As a member of the education finance committee of the Assembly Ways and Means Committee, Epple said he has been able to play a role in setting educational priorities in the face of shrinking dollars. For example, he said he supported a program aimed at preventing teacher burnout, although it did not survive the summer budget crisis.

Epple wrote legislation adding three years to the prison sentences of people convicted of selling drugs around schools, churches, child care centers and video arcades. He also got a bill passed aimed at eliminating worthless auto service warranties.

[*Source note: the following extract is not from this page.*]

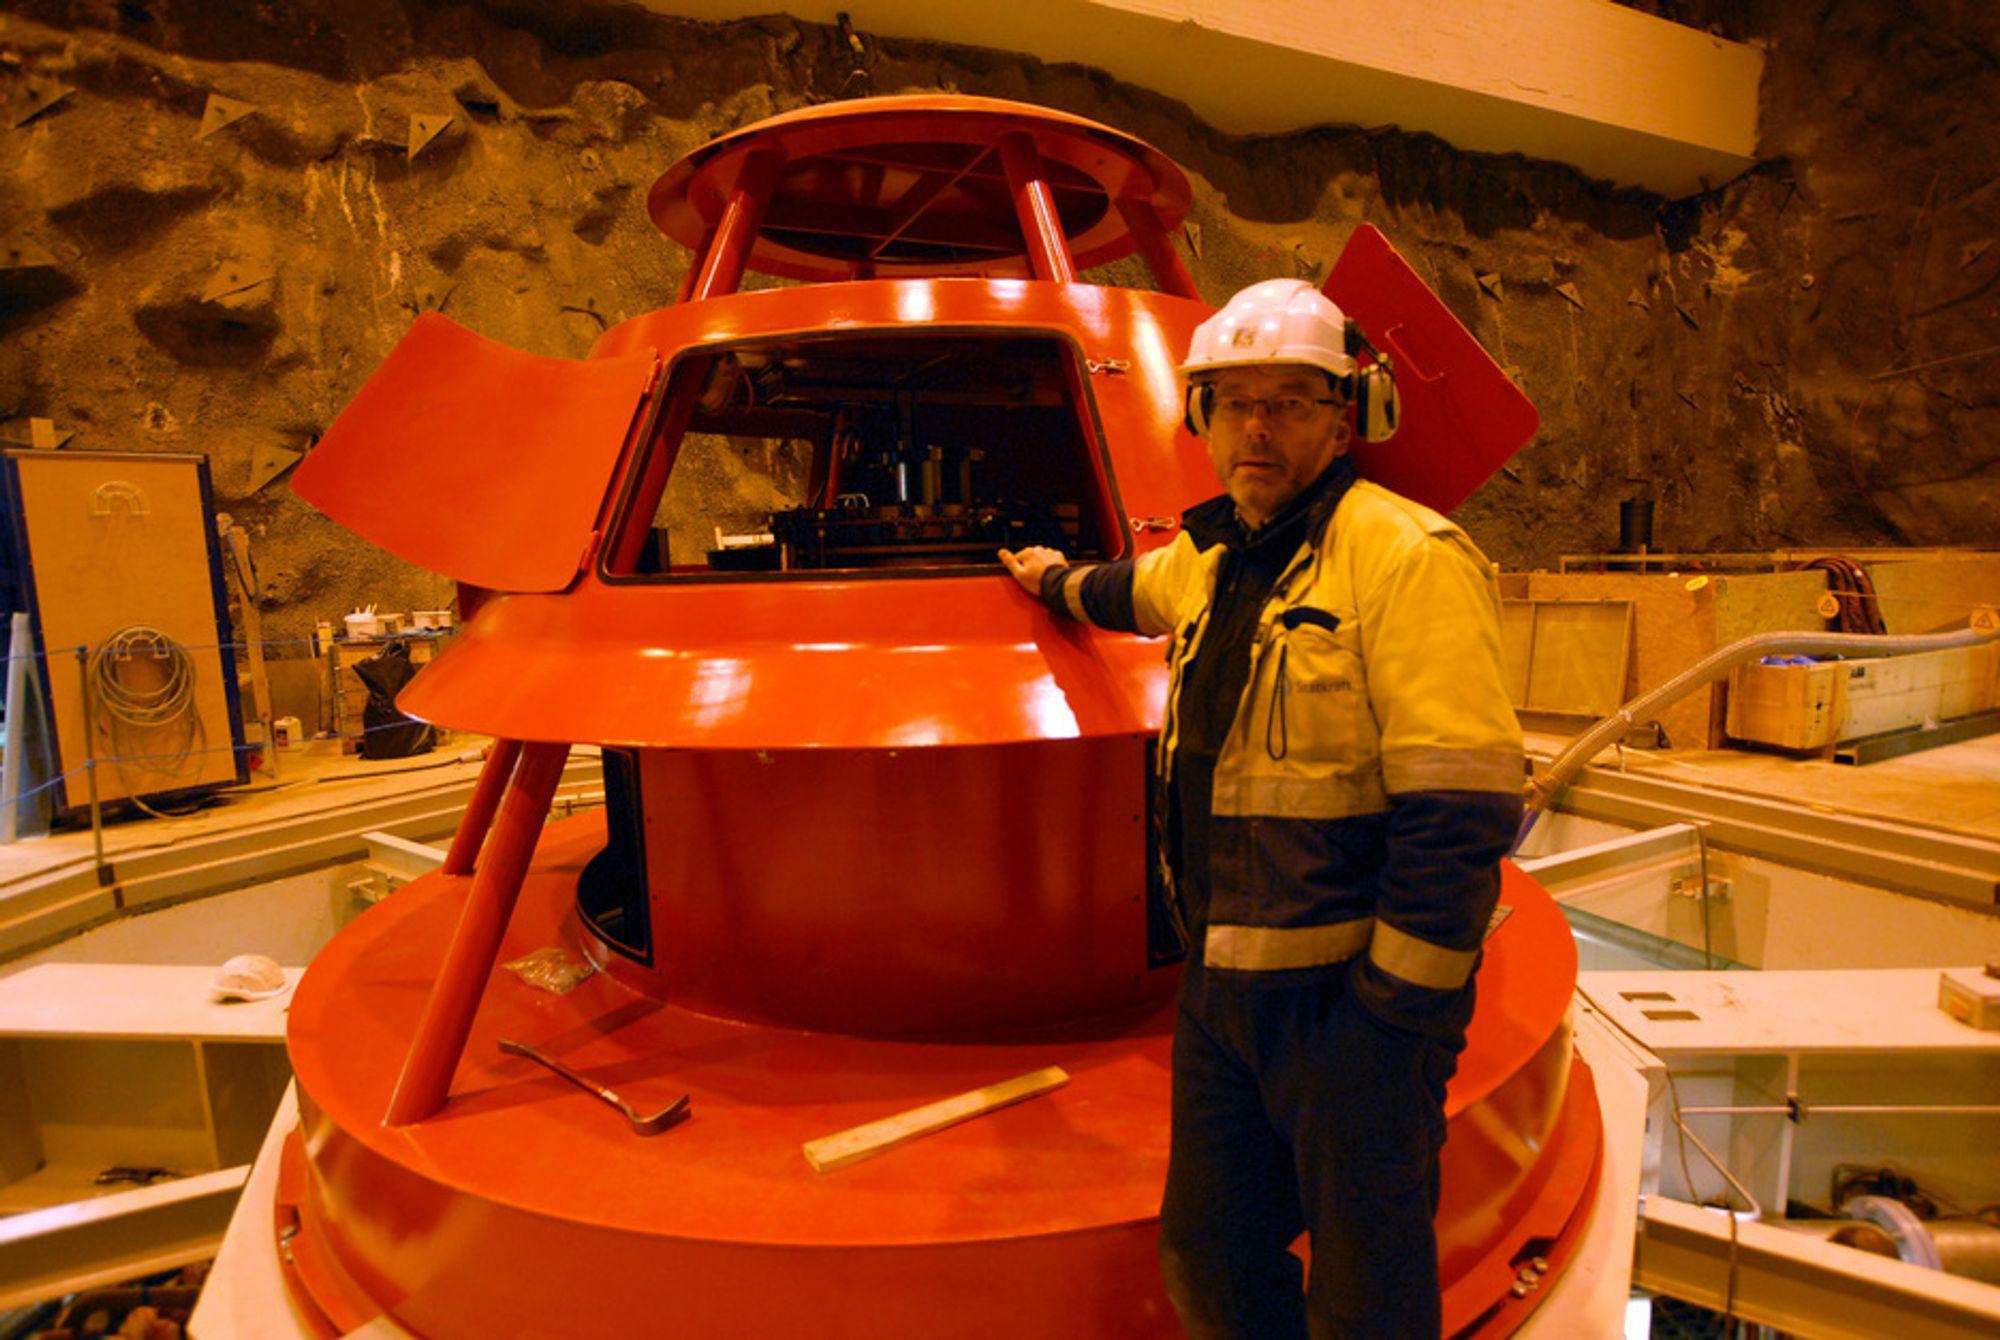 UTSATT: Kraftverksjef Karl Svein Thorrud viste i desember fram det nye aggregatet i Svartisen kraftverk. Få dager senere ble idriftssettelsen utsatt på grunn av en skade på statoren.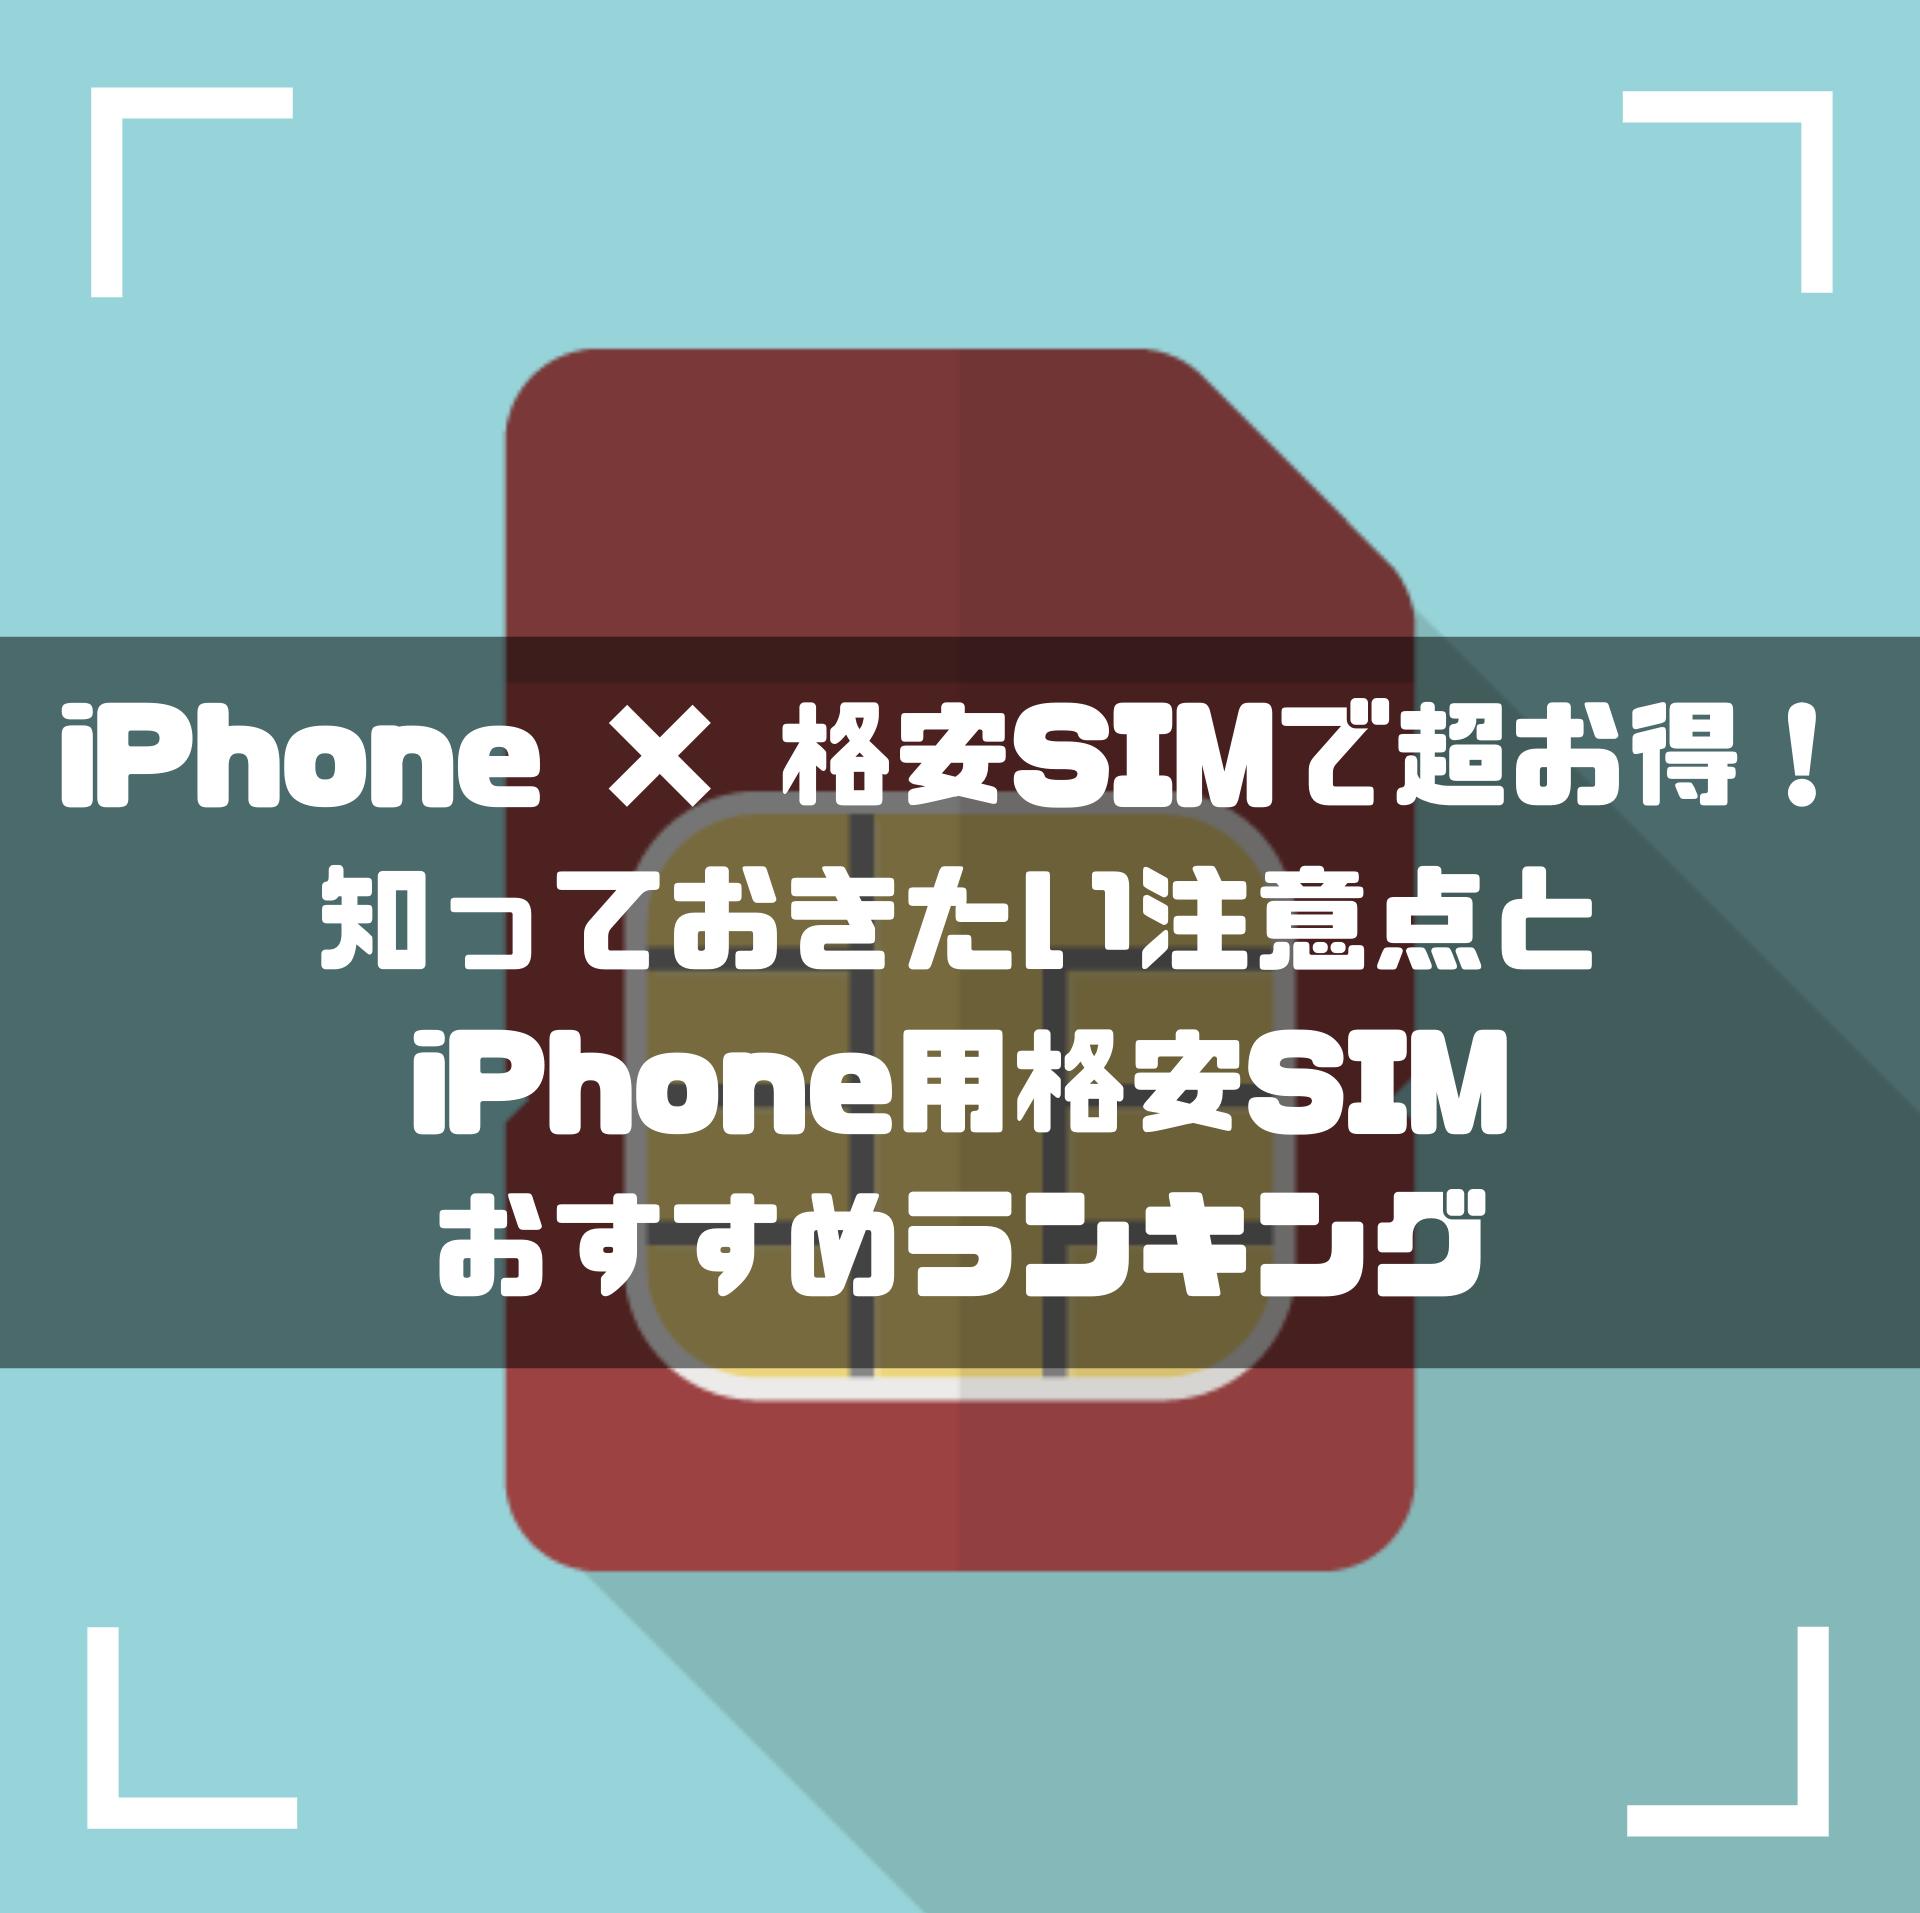 iPhone × 格安SIMで超お得!お得に使えるおすすめ格安SIMと注意点を徹底解説!

He was unsuccessful with a measure requiring insurance companies to justify denying life-sustaining treatment to terminally ill people. The measure, which was introduced on behalf of a Norwalk cancer patient, was vetoed by Gov. Pete Wilson. Epple also failed in an attempt to slash 167 attorneys from the state payroll to save money.

Some local elected officials give Epple high marks in working to protect schools and cities from budget cuts during the prolonged state budget stalemate.

"He was very vocal in Sacramento, always trying to see that city cuts would be a minimum. I feel he did that, said Artesia Mayor Mary Alyce Soares, adding that Epple "looks out for his district."

As he battles Hawkins, Epple finds the carpetbagging charge particularly galling--saying that his local roots are as real as those of Hawkins, who has lived in Bellflower and Cerritos for a total of 37 years.

Although Epple lived most of his life in Norwalk, he has been a member of the Bellflower Brethren Church for seven years and had his office in Bellflower when he was a private attorney before election to the Assembly in 1988. For seven years, he was a trustee of Cerritos College. He has belonged to two service clubs in the area and presently is a Cerritos Noon Lion.

"I'm not a stranger in the district," said Epple, who lives with his wife, Cheryl, and 10-year-old daughter, Nicole.

The assemblyman dismisses Hawkins' myriad charges of misdeeds in Sacramento contained in a glossy mailing to voters as either incorrect or a misunderstanding of how state government works.

For example, Epple says it is true that he spent $301,000 to operate his office in 1990, but says it was $27,000 below what had been budgeted. He defends sending $30,000 worth of state-paid mail to constituents: "If communicating with constituents is a crime and wrong, I'm guilty. I want people to know what I'm doing, where I am."